= Counterregulatory hormone =

A counterregulatory hormone is a hormone that opposes the action of another.

== Glucose Counterregulation ==

The action of insulin is counterregulated by glucagon, epinephrine (adrenaline), norepinephrine (noradrenaline), cortisol, and growth hormone. These counterregulatory hormones—the term is usually used in the plural—raise the level of glucose in the blood by promoting glycogenolysis, gluconeogenesis, ketogenesis, and other catabolic processes. In healthy people, counterregulatory hormones constitute a principal defense against hypoglycemia, and levels are expected to rise as the glucose falls.

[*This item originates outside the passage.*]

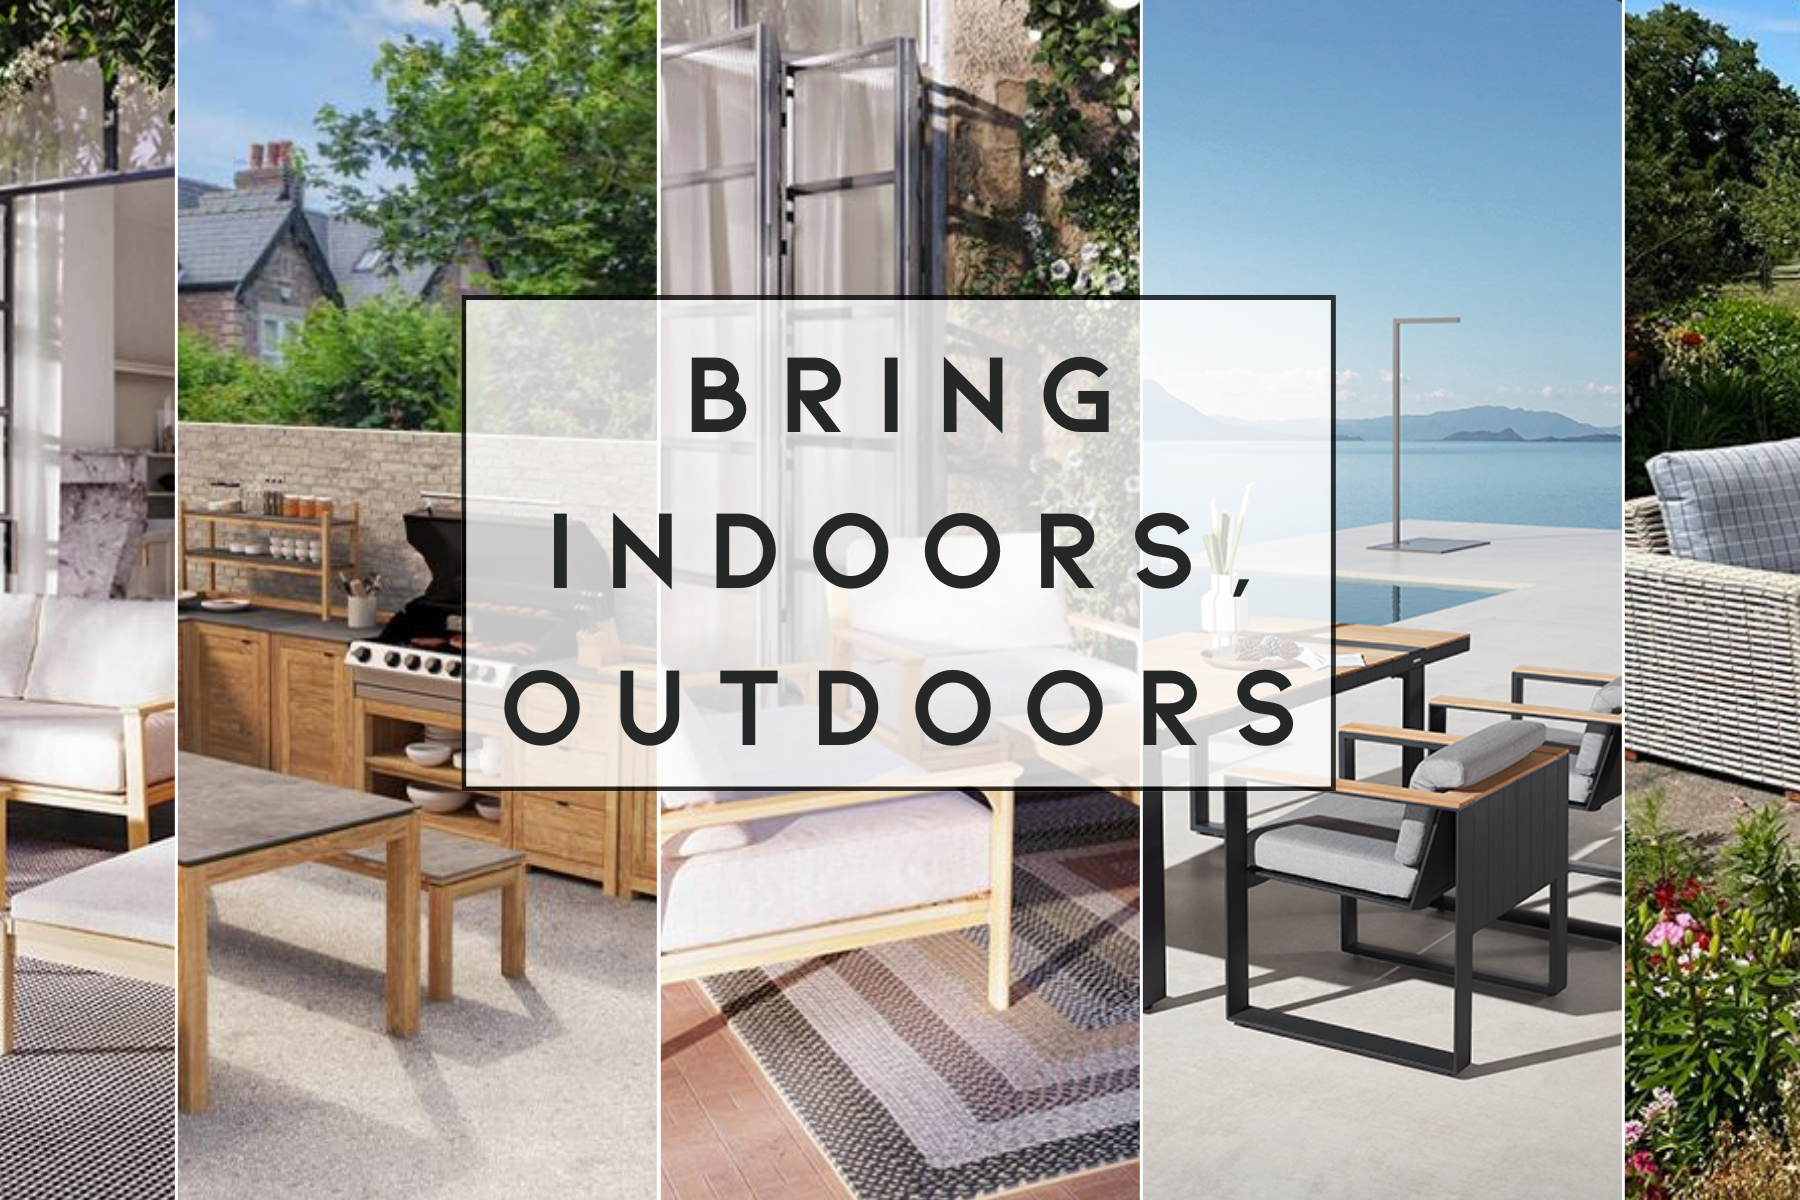 A guide to brining your indoors, outdoors

As an example, the exercise-induced reduction in blood glucose is counterregulated by increases in levels of epinephrine, norepinephrine, cortisol, and growth hormone. The rise in blood concentrations of these counterregulatory hormones is dependent upon both exercise intensity and duration, and is proportional to the rate of glucose uptake by the contracting skeletal muscle.

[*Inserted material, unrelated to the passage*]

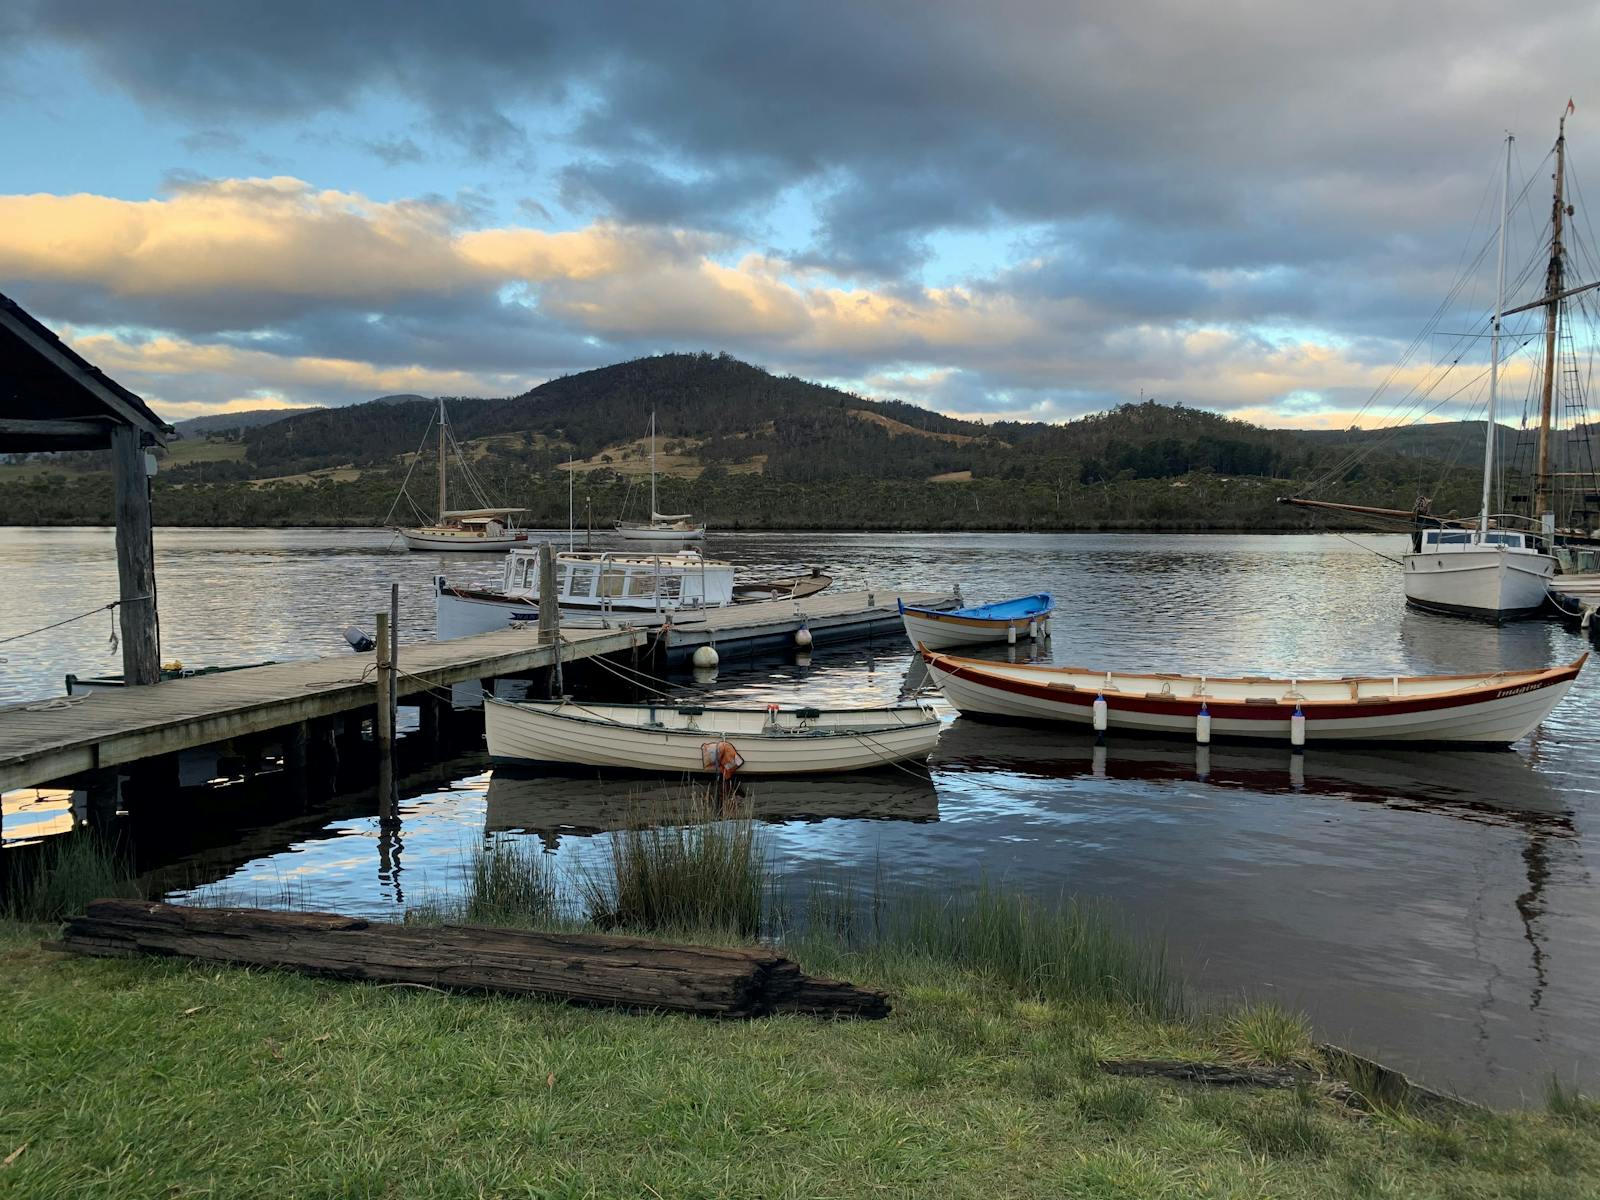 Wooden boats on the tranquil Huon River at Franklin Village

== Blood Pressure Counterregulation ==

Similarly, the natriuretic peptides counterregulate against renin, angiotensin, and aldosterone which elevate blood pressure.

== Reproductive Counterregulation ==

In the reproductive system, inhibins and follistatin counterregulate activins, to control follicle-stimulating hormone and so the release of gonads. Inhibins and activins also regulate bone mass.